Work instruction
Across the listing, how many lines contain "green"? The reply is the number alone.

---------- Exercise materials ----------

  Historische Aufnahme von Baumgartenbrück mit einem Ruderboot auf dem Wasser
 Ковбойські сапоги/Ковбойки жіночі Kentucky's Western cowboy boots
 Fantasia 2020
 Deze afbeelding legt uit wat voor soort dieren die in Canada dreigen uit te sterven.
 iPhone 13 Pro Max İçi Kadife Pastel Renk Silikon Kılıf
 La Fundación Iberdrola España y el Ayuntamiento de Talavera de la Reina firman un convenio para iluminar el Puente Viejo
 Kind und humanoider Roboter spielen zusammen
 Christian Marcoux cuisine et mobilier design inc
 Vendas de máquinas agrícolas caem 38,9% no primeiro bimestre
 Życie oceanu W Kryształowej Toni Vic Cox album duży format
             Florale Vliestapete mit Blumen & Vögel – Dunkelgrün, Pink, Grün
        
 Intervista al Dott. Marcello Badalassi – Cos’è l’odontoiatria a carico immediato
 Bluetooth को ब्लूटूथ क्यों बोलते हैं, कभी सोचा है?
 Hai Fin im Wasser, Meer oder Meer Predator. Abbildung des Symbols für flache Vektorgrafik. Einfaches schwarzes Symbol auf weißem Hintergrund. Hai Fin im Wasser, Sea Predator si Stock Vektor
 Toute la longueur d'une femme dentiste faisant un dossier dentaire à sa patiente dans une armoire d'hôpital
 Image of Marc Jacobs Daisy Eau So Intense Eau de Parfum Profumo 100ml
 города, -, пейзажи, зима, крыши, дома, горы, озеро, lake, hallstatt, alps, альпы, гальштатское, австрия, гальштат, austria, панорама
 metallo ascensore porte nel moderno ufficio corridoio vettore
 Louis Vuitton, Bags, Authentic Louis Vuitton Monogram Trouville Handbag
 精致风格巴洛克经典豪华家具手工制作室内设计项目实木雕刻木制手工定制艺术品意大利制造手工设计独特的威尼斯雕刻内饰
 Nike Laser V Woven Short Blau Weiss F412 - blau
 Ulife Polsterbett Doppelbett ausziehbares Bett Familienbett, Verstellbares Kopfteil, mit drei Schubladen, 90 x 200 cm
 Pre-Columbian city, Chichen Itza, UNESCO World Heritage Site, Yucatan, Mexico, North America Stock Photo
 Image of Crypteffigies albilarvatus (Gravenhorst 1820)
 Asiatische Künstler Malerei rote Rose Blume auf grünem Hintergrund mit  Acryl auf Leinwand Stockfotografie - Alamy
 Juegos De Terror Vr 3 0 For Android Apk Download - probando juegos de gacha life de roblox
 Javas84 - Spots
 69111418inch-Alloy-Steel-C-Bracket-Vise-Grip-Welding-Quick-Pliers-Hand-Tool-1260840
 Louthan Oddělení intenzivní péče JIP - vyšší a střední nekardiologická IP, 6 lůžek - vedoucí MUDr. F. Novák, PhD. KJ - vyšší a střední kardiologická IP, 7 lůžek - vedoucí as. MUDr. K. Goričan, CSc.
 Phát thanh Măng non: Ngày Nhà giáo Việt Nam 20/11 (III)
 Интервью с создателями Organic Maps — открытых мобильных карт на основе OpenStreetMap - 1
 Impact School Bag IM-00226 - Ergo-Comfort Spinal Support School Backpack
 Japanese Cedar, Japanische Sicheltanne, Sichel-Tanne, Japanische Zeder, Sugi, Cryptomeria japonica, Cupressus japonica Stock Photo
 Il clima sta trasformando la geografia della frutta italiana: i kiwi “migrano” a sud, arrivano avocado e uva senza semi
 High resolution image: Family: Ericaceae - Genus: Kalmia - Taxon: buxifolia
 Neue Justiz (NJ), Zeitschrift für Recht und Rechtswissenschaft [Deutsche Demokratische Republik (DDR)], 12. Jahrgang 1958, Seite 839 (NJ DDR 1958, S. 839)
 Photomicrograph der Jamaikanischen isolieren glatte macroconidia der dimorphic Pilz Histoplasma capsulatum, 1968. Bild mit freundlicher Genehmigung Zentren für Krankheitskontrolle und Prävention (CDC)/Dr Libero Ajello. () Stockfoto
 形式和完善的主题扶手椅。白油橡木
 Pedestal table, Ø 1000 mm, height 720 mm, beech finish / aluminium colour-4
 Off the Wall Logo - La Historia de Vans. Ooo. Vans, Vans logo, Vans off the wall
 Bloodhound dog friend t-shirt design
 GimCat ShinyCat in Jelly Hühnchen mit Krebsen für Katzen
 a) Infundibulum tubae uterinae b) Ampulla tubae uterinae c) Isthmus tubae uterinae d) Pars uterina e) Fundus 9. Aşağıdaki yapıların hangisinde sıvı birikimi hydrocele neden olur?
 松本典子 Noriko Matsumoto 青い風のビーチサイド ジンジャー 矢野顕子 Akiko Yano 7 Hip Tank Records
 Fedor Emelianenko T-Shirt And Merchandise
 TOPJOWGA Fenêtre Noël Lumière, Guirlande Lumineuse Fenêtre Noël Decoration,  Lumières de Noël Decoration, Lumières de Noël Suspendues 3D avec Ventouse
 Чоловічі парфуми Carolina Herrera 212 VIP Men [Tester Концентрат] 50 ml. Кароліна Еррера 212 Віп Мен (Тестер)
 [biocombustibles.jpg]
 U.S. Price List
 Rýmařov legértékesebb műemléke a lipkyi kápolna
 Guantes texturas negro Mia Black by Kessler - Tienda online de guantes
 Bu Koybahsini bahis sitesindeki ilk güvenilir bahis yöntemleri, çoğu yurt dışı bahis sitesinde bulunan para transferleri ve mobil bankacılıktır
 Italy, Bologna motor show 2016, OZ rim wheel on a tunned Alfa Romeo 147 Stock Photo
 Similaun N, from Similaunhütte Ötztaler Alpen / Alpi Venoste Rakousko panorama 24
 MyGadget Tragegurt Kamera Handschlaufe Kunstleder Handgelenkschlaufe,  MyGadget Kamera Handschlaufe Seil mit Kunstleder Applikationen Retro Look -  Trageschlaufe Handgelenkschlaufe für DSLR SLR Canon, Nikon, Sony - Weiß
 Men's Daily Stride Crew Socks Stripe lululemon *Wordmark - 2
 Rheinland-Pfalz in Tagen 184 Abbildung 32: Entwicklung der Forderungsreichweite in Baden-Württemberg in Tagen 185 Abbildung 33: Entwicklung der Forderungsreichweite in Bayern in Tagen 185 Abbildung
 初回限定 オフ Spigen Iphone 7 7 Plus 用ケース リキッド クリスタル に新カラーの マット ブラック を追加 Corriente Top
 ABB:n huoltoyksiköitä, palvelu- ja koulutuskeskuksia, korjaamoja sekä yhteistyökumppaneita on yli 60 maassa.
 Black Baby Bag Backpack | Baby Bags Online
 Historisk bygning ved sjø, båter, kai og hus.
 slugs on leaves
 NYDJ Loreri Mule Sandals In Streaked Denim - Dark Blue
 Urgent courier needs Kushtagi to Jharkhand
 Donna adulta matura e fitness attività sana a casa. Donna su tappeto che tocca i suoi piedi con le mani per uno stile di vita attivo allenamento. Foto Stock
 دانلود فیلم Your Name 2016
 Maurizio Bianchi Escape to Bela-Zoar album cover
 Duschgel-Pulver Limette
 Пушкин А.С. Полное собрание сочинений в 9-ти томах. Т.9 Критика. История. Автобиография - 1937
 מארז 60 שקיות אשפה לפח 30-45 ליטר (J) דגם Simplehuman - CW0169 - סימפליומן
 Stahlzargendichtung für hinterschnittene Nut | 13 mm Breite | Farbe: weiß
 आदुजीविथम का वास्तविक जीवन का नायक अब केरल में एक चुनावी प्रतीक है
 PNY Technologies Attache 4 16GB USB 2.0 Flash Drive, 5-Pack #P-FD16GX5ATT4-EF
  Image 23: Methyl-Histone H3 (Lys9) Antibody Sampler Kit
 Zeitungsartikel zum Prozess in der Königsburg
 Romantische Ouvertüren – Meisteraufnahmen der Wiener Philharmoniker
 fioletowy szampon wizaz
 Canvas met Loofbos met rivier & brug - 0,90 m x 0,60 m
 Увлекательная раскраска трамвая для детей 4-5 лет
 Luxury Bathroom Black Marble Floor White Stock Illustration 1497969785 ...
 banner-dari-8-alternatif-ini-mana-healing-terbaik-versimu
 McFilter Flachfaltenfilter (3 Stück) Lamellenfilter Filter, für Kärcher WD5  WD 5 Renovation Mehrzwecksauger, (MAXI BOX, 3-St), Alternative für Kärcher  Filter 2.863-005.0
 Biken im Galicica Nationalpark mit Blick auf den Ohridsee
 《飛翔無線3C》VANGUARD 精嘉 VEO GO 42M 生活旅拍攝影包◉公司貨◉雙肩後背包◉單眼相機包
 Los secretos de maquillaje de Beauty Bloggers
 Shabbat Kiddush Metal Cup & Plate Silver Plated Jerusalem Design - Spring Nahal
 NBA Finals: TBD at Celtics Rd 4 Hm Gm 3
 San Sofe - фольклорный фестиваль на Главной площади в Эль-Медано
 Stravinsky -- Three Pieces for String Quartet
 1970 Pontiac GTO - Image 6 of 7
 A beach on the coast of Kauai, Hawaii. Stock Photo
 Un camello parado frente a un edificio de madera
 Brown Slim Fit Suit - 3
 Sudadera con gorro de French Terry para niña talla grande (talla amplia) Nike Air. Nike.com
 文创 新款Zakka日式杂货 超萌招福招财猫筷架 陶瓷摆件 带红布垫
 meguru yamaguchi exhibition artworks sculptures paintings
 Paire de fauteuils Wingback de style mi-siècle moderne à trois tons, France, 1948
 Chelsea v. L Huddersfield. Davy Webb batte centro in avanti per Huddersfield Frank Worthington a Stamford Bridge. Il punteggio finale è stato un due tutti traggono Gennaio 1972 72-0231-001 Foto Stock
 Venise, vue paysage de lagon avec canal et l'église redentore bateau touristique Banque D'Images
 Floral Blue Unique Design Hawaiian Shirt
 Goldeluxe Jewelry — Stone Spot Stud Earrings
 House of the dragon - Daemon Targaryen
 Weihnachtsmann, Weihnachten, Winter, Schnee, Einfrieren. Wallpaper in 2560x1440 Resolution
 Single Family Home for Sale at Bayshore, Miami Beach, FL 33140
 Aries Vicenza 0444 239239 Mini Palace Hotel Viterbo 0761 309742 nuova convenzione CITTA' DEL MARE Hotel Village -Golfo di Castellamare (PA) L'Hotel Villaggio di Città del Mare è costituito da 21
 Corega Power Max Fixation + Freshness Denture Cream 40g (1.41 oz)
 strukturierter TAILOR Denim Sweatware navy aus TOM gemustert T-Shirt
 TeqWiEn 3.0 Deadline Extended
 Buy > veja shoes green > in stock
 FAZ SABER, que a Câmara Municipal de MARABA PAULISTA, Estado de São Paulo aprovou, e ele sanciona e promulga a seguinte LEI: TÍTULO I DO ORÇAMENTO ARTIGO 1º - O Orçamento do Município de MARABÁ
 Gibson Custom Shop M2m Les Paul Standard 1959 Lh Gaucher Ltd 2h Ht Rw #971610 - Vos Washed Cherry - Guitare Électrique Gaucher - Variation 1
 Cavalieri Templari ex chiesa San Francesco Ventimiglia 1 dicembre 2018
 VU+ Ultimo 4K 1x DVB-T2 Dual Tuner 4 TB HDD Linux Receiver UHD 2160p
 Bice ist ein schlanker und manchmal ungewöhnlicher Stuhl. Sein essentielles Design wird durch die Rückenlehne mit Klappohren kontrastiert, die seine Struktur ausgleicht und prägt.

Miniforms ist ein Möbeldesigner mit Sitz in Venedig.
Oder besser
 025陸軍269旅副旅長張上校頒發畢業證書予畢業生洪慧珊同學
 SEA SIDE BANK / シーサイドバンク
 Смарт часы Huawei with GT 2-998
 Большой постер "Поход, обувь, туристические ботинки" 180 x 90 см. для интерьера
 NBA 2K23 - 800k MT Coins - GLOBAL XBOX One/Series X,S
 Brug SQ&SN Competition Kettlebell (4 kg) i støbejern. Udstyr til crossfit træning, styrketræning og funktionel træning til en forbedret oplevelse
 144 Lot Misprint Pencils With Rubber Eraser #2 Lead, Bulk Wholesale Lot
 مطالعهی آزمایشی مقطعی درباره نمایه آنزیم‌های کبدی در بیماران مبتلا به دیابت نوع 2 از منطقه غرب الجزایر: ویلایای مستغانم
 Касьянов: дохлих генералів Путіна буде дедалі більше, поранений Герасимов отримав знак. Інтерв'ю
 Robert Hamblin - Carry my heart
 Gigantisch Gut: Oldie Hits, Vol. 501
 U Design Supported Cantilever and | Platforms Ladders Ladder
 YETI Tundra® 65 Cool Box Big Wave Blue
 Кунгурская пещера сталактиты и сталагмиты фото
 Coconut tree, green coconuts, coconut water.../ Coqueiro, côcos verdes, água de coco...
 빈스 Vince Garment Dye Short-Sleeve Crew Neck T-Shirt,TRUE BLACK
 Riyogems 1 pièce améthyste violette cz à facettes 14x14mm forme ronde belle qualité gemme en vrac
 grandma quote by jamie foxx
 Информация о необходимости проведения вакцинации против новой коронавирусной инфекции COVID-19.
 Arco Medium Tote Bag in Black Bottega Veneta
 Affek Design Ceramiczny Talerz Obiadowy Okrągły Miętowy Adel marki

----------

Response box
2